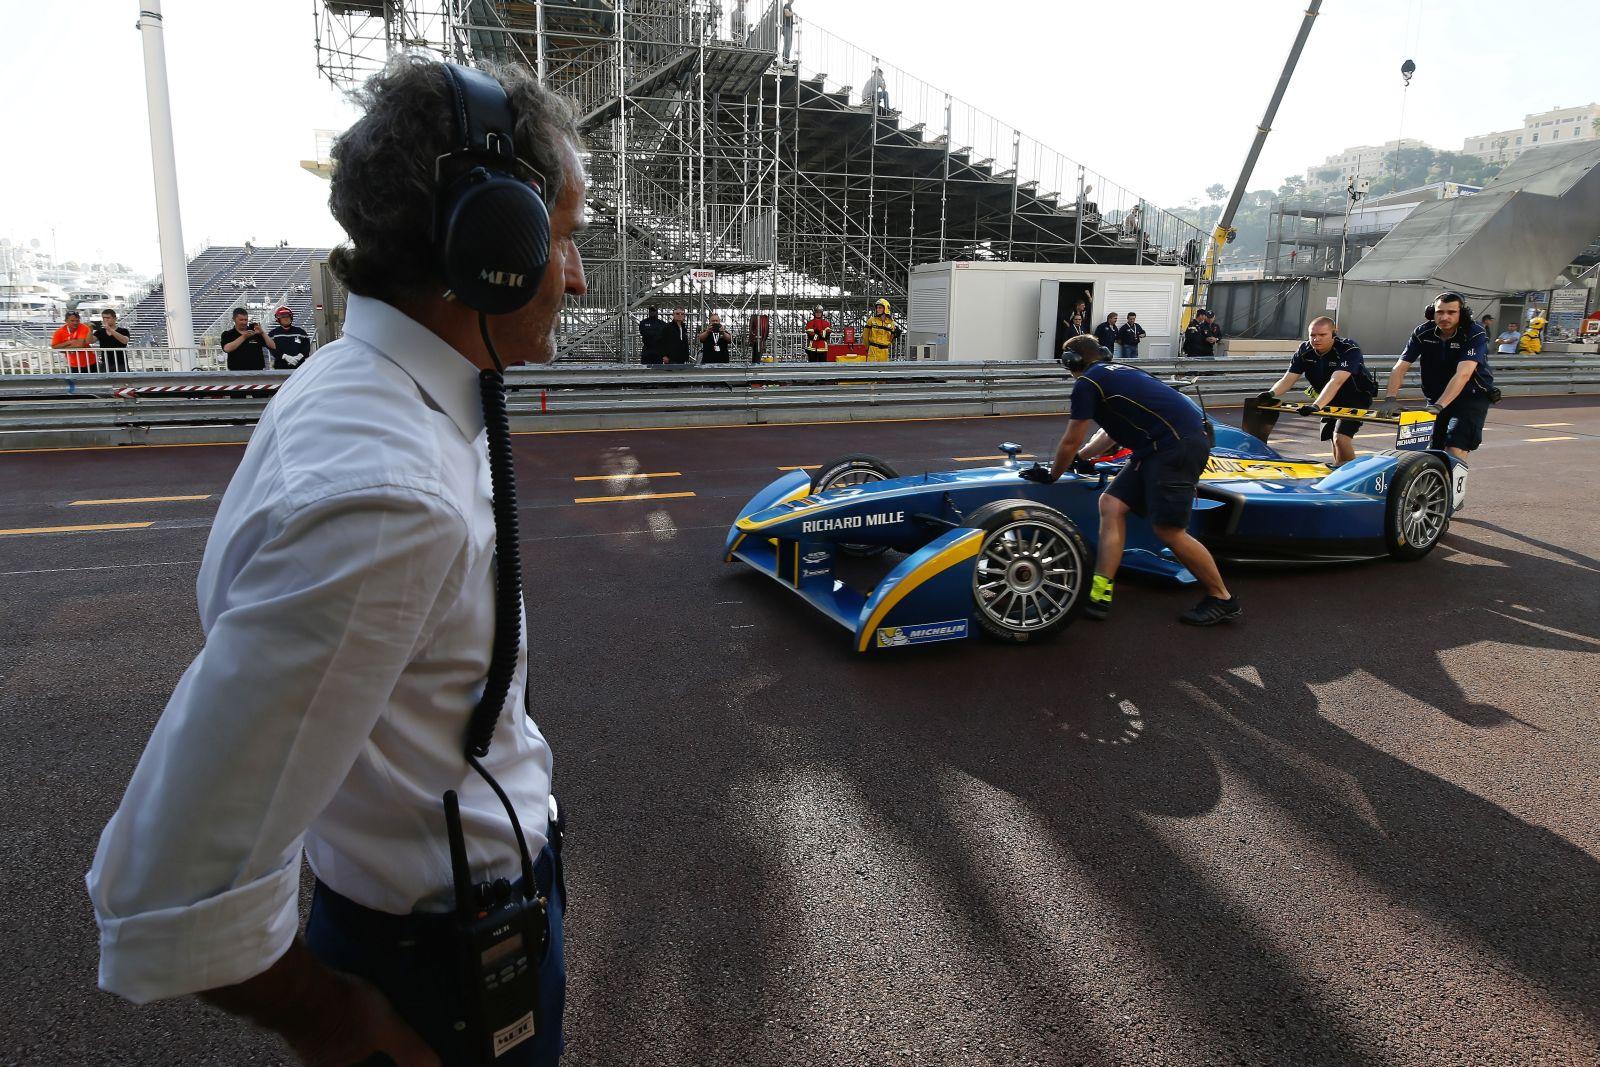 Nagyobb gondja van az F1-nek, mint az újratankolás: kevesebb futam, jobb rádiózás
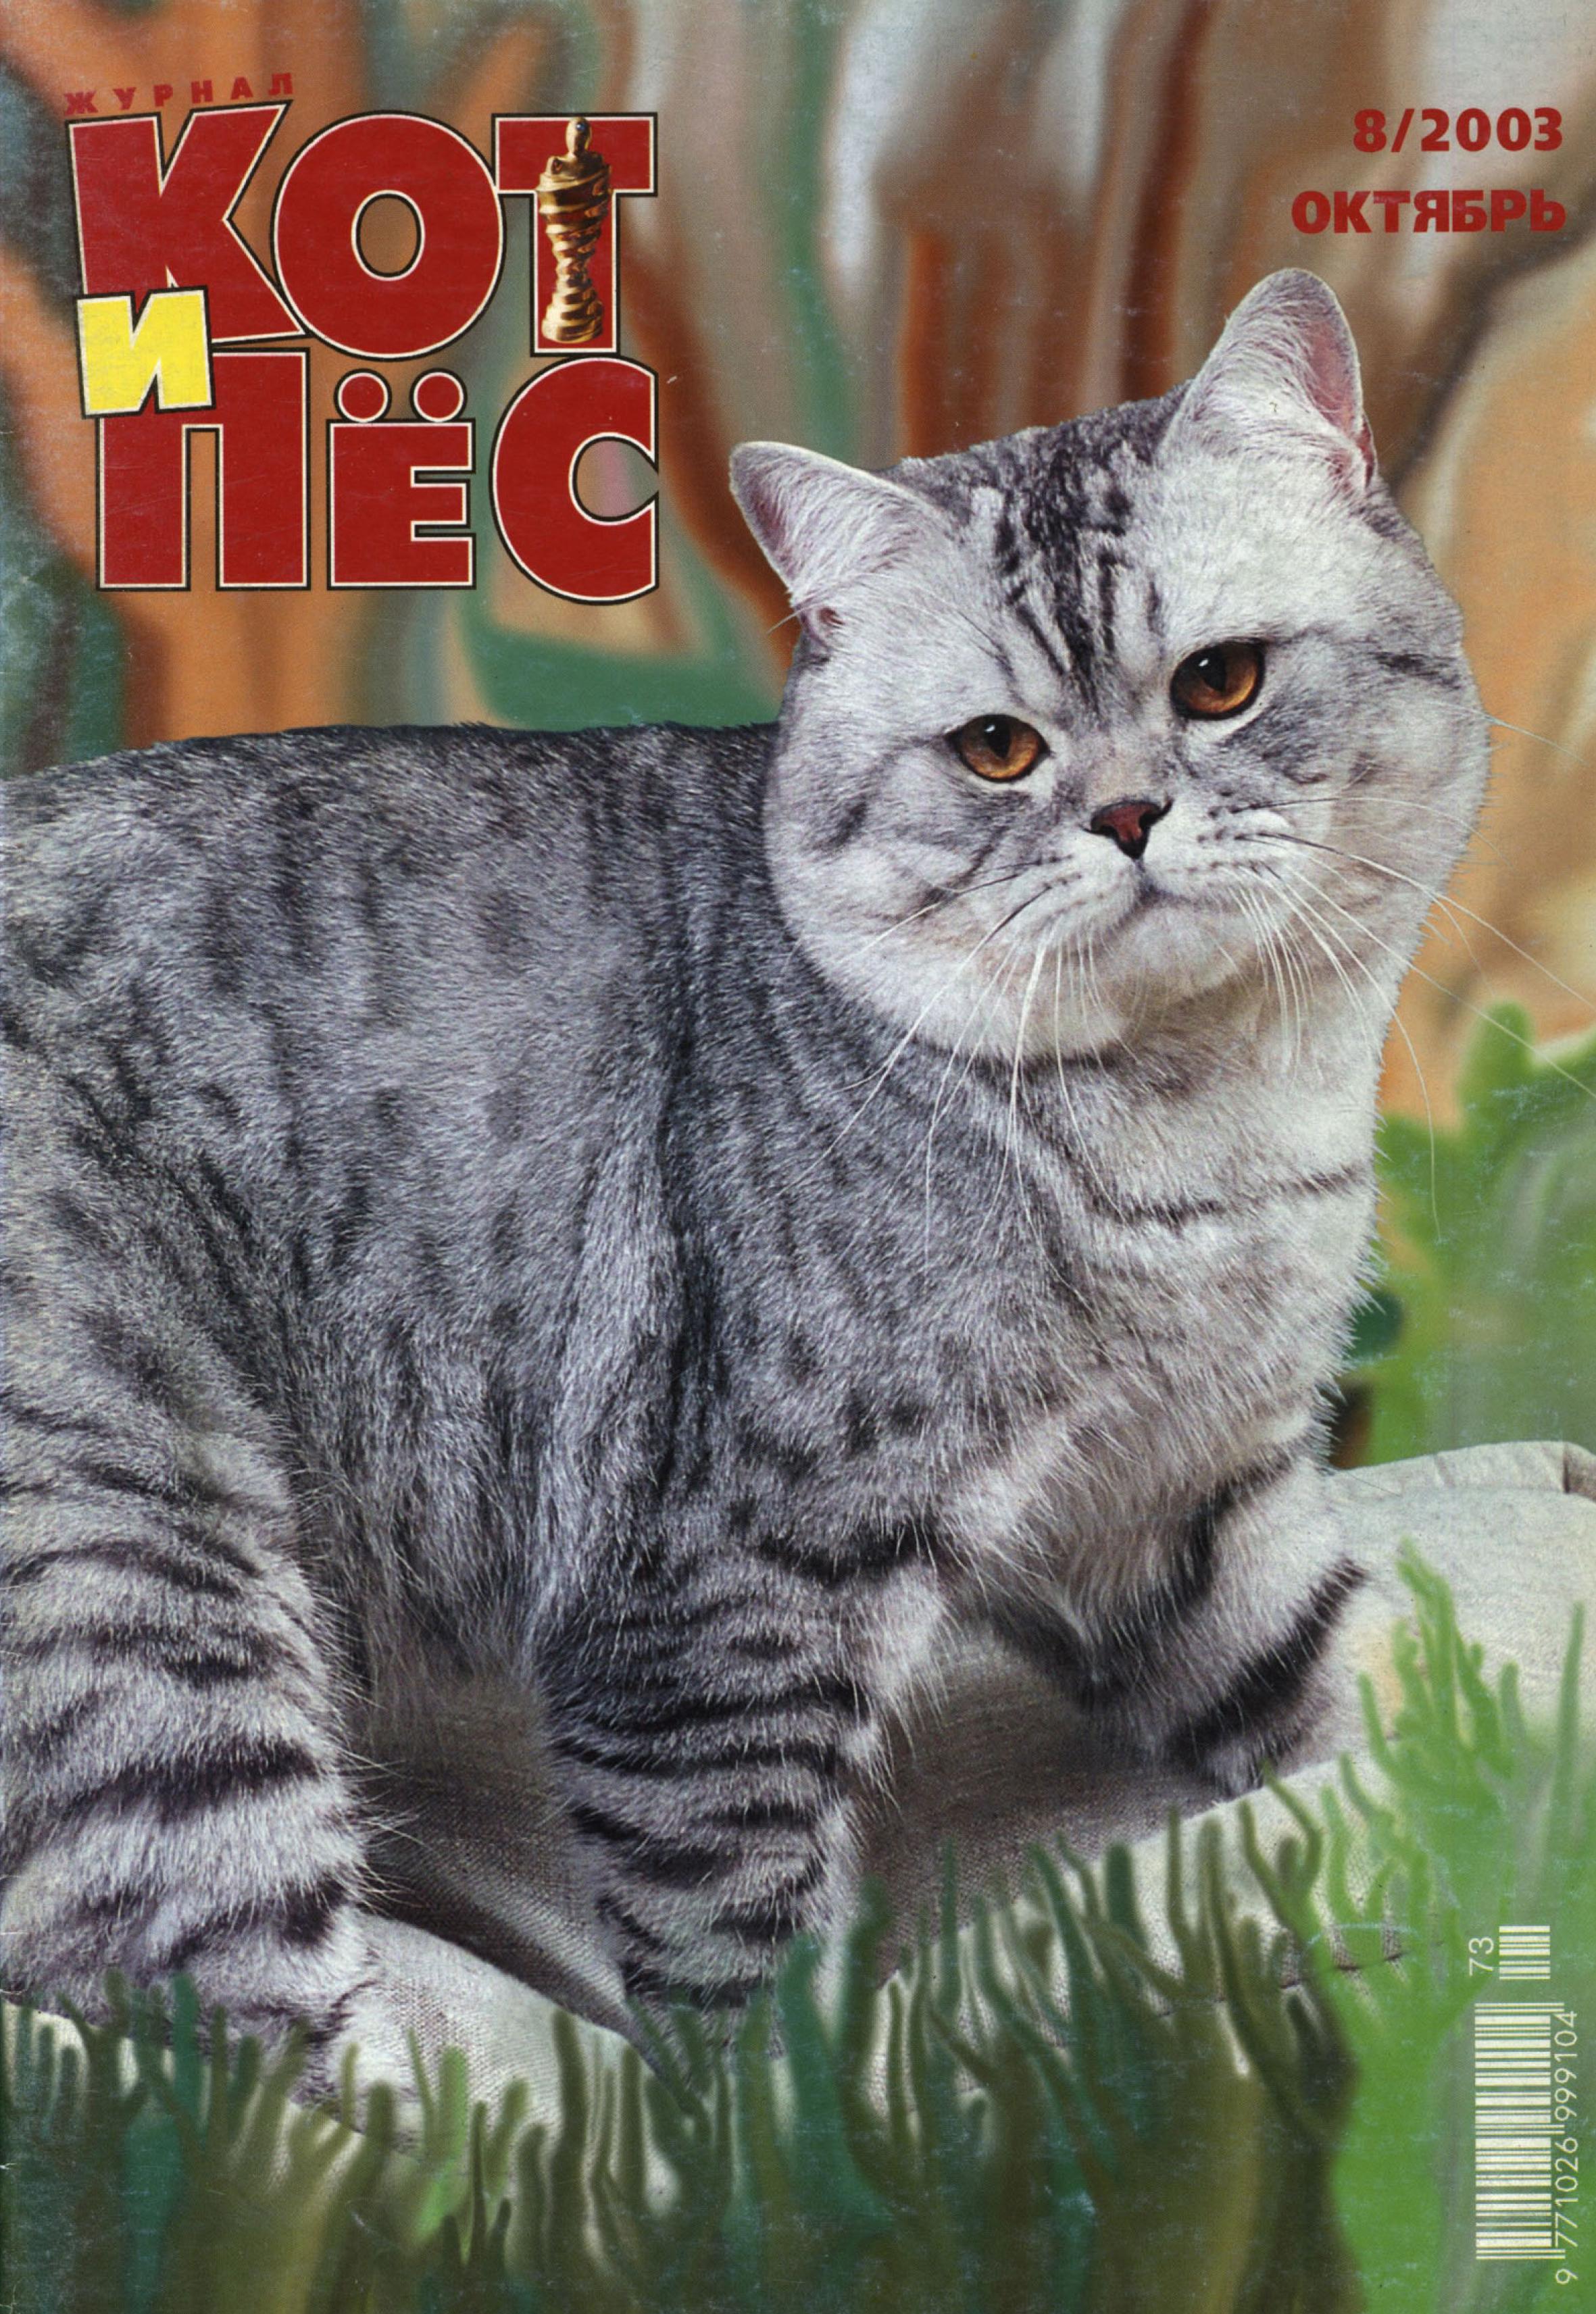 Отсутствует Кот и Пёс №08/2003 отсутствует кот и пёс 01 2003
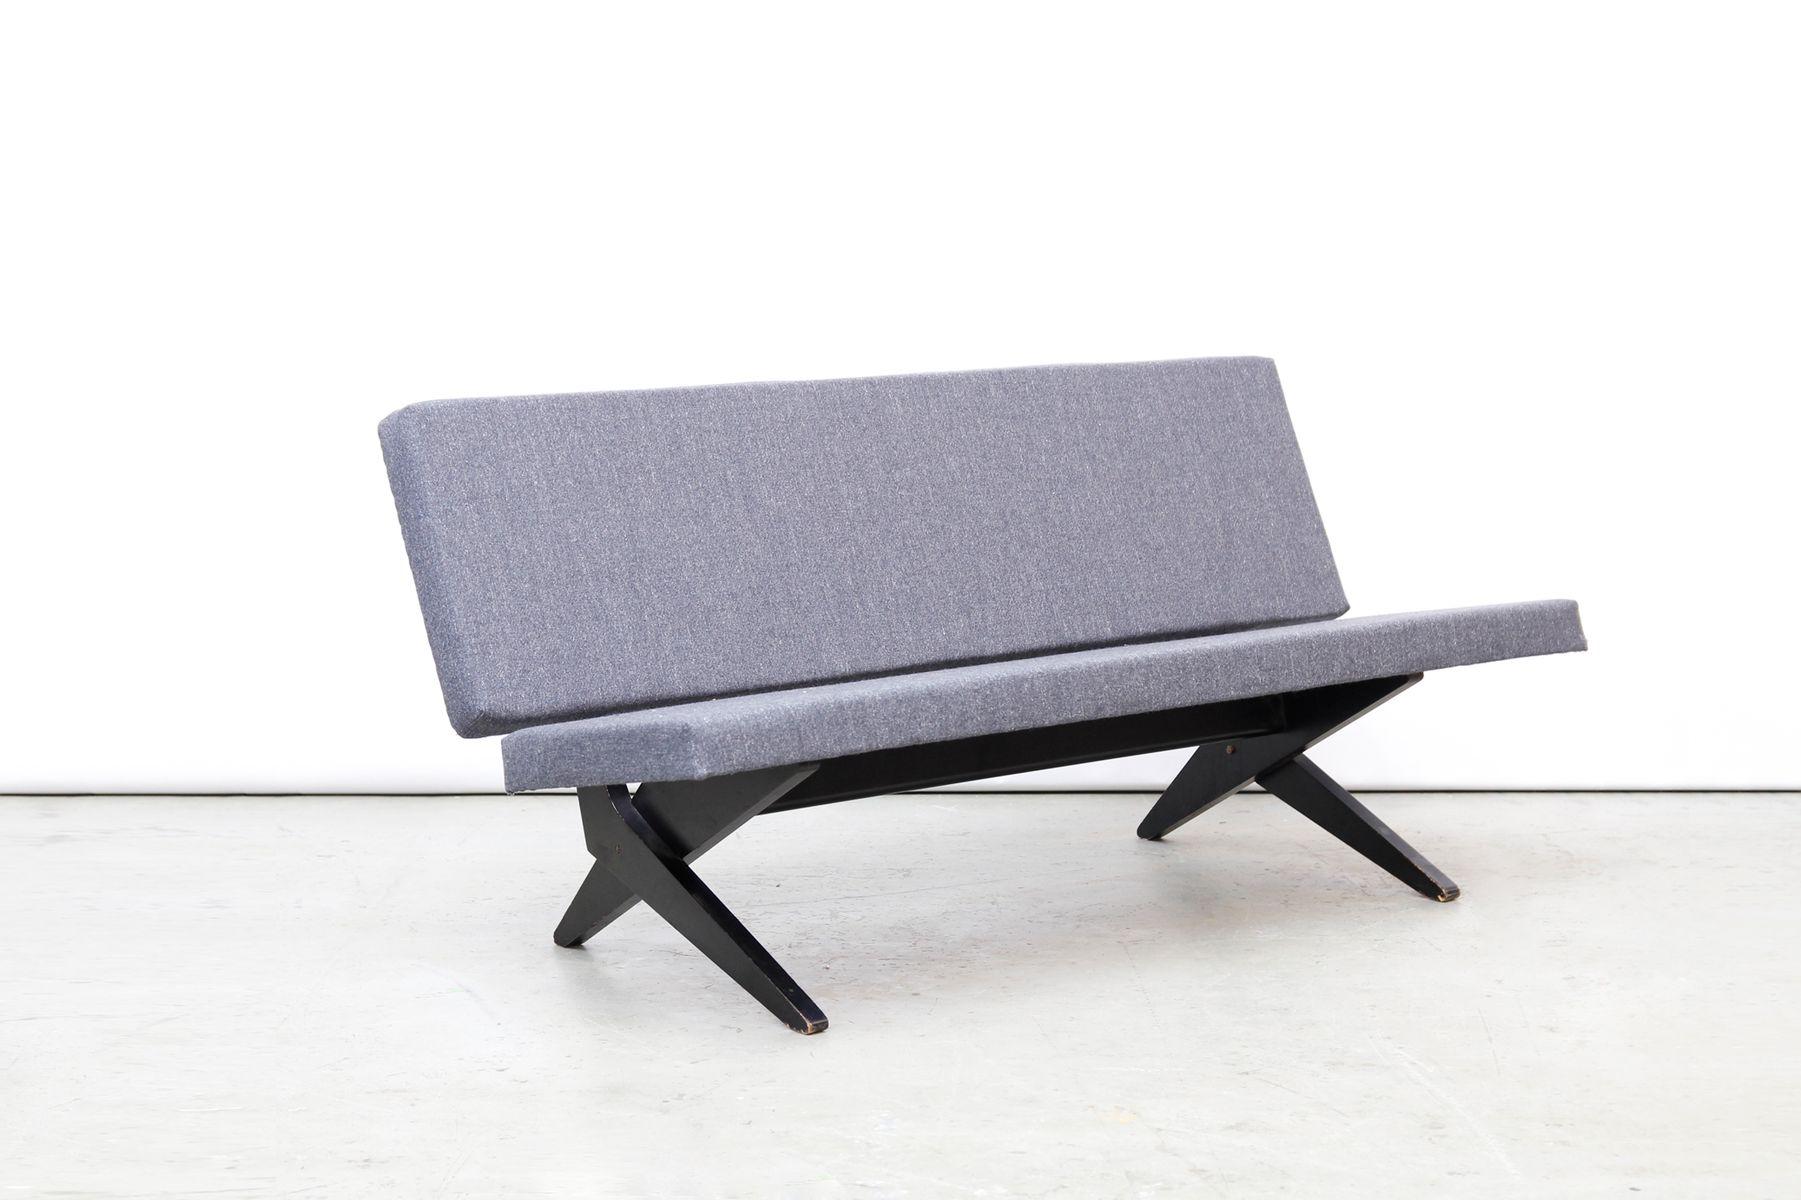 Van Sofa Bed Seat Singapore Sofa Conversion Van Sofa Bed hmmi

Exercise requirements >> Only the lines between the one containing "Отсутствует Кот и Пёс №08/2003" and the last line of the listing above, both included, should be written out, exactly and without pictures.

Answer for this exercise >>
 Отсутствует Кот и Пёс №08/2003 отсутствует кот и пёс 01 2003
 Van Sofa Bed Seat Singapore Sofa Conversion Van Sofa Bed hmmi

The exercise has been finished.